Julie@twomentor: As a leader managing women, what changes have you seen over the last few years amongst your team?

Melissa: In the past, the women on my team at Fahrenheit 212 tended to be more passive about their career advancement. They often waited for raises and promotions, hoping good work would be recognized without needing to advocate for themselves.

In recent years, it is clear that Sheryl Sandberg’s Lean In message has taken root – women are conscious of the fact that they must be their most powerful advocate, and actively come to the table by initiating conversations about their careers. I’ve been excited to see women pushing themselves to reach for more, whether that be money, opportunity, or title. Most importantly they’re recognizing that they need to take ownership of their careers.

That being said, I’ve seen women placing the majority of their energy into mustering the courage to get to the table, rather than working on how to have that conversation successfully one they are at the table. I’ve unfortunately seen some of these conversations go sideways.

Twomentor: In what ways have you seen these conversations go wrong? Are there commonalities in the mistakes you’re seeing?

Melissa: In my career and mentoring relationships, I’ve heard about these conversations going wrong in many different ways. I know of one woman who got to the table, declared the salary she wanted and then burst into tears. Clearly the stress of asking had gotten the best of her in the moment. Another asked for a raise and then launched into a series of threats if the raise didn’t come through. A third asked for a promotion. When asked why she felt this was deserved, rather than discussing her accomplishments, she justified the request with “because I want it” and “because so-and-so was promoted”.

I’m watching women put all their energy in the getting to the ask and building the confidence to make the request, without putting similar thought into how to make the request credible.

I’m also seeing women forget that these are business conversations. They should not be approached as personal pleas, no matter how friendly they may be with their boss. Instead, they should be structured like any other well-reasoned conversation with a colleague or client. This is especially important with a female boss. While the female boss may have greater empathy for the nerves, emotions, and stress of these conversations, it doesn’t mean the content of conversation can take a less rational, reasoned or supported path.

Additionally, it’s not enough to muster up the courage to come to the table once. Instead these should be ongoing dialogues with multiple chapters and natural progressions, rather than a single, high-stress, all-in moment to ask for what they want.
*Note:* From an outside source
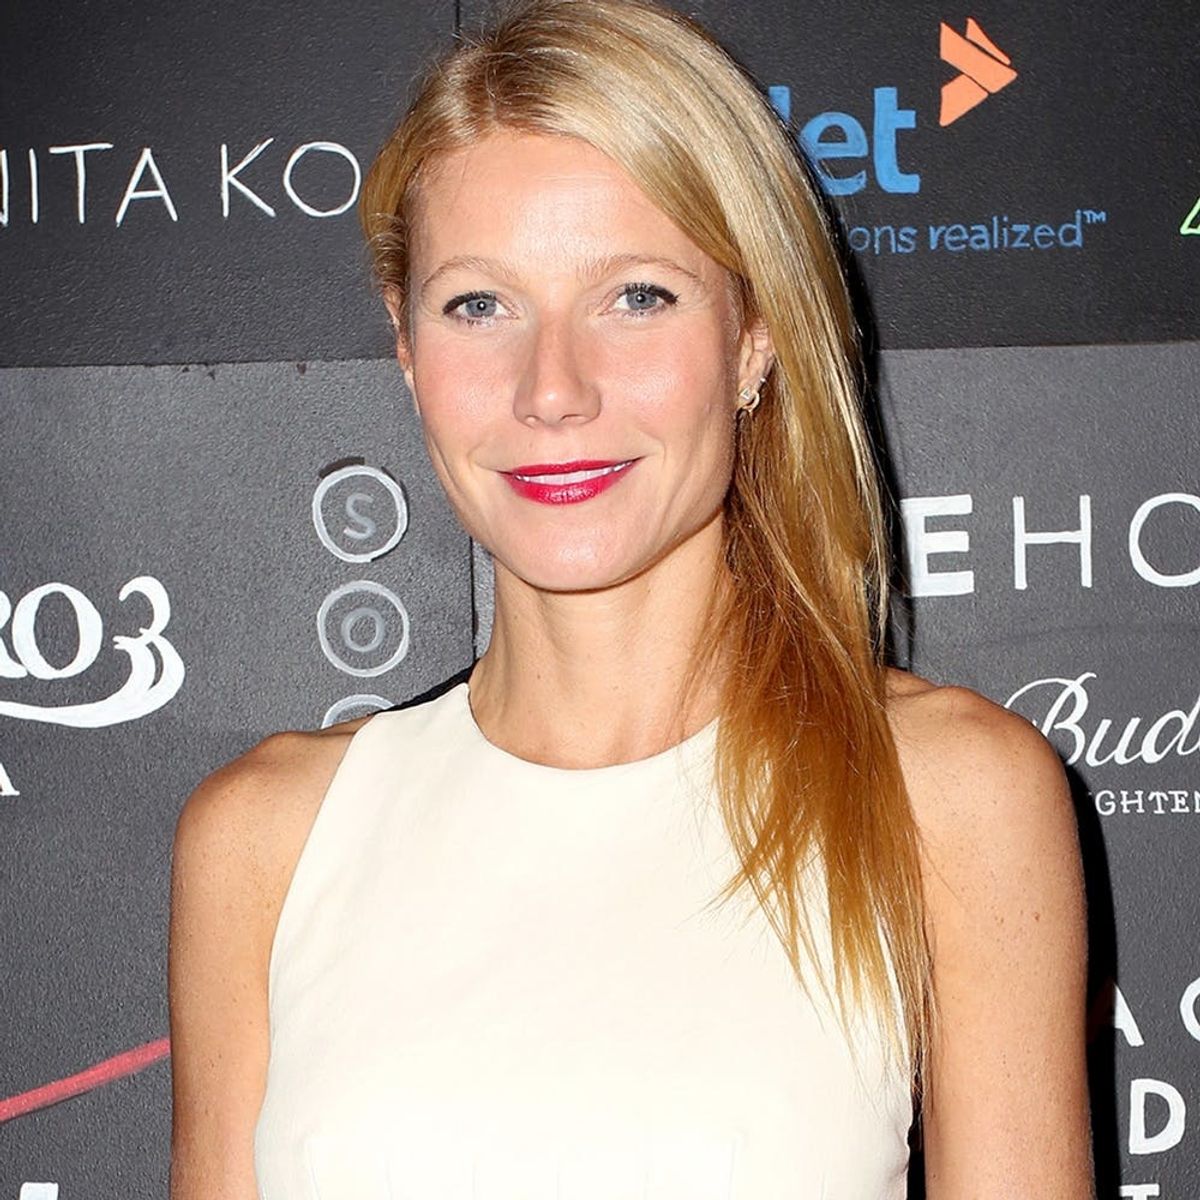 Why Gwyneth Paltrow’s Family Photo Will Make You Do a Double Take

Twomentor: These are make or break moments for women’s careers. Why do you think women are struggling in these discussions?
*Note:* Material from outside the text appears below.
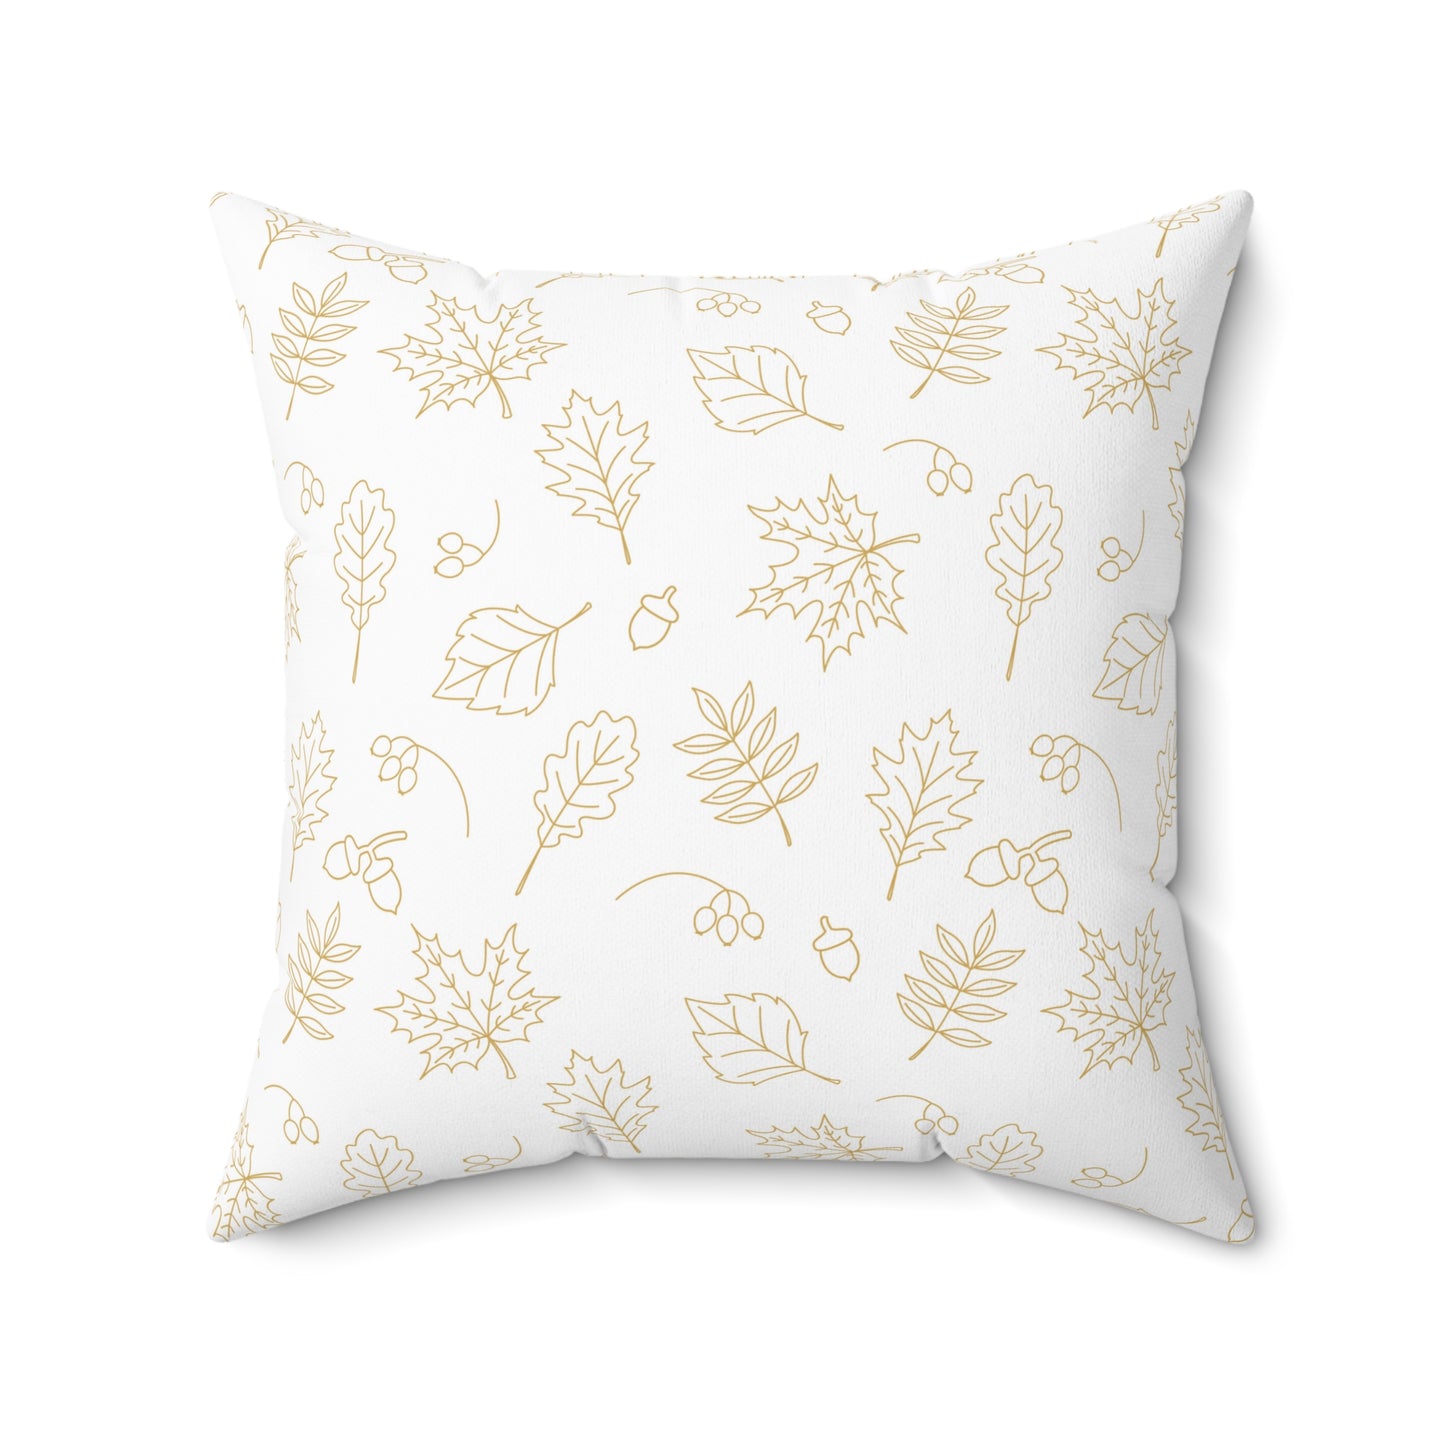 Acorns and Leaves Spun Polyester Square Pillow

Melissa: My hunch is that this is due to a number of things. The first is that the Lean In message has become shorthand for the act of getting oneself to the table. While Sheryl Sandberg covers how to make a strong case for oneself once in the moment, the overwhelming message I’ve seen women internalize has been the importance of the ask. Second, I think women lack training in how to make these conversations effective. I had the benefit of an excellent negotiations course in business school, which has easily been the most important and practical training I received in grad school.

But training doesn’t have to be academic. Women are also lacking in mentors who could be coaching and training them for these crucial moments. Despite a rich set of research that shows that mentorship helps elevate more women to senior roles (which impacts the bottom line to a 15% increase in profitability), that it is crucial for talent attraction and retention, that it helps both mentors and mentees achieve more professionally, and that it boosts job satisfaction, a recent study found that 63% of women have never had a mentor.

Without these mentors, there is limited room to practice these conversations, and gain honest advice and feedback.

Twomentor: In what ways have you been trying to help women who are having these conversations?

Melissa: One of my primary motivations in co-founding Women in Innovation in early 2016 was to help women to advance in their careers. WIN, a nonprofit that seeks to empower women in innovation to become world-class leaders, disruptive thinkers, and changemakers of today and tomorrow, provides the perfect platform to mentor women within the discipline of innovation.

We focus on building the skills of women in the innovation industry – helping them gain the tools to be successful in their roles, but also in the moments of actively seeking to advance and advocate for themselves. As part of it, we have built a formal mentoring program. This year, we facilitated 198 sign ups for 7 mentorship focus areas: defining a career path, managing your personal brand, managing work/life balance, building confidence, managing difficult conversations, and the art of self-promotion.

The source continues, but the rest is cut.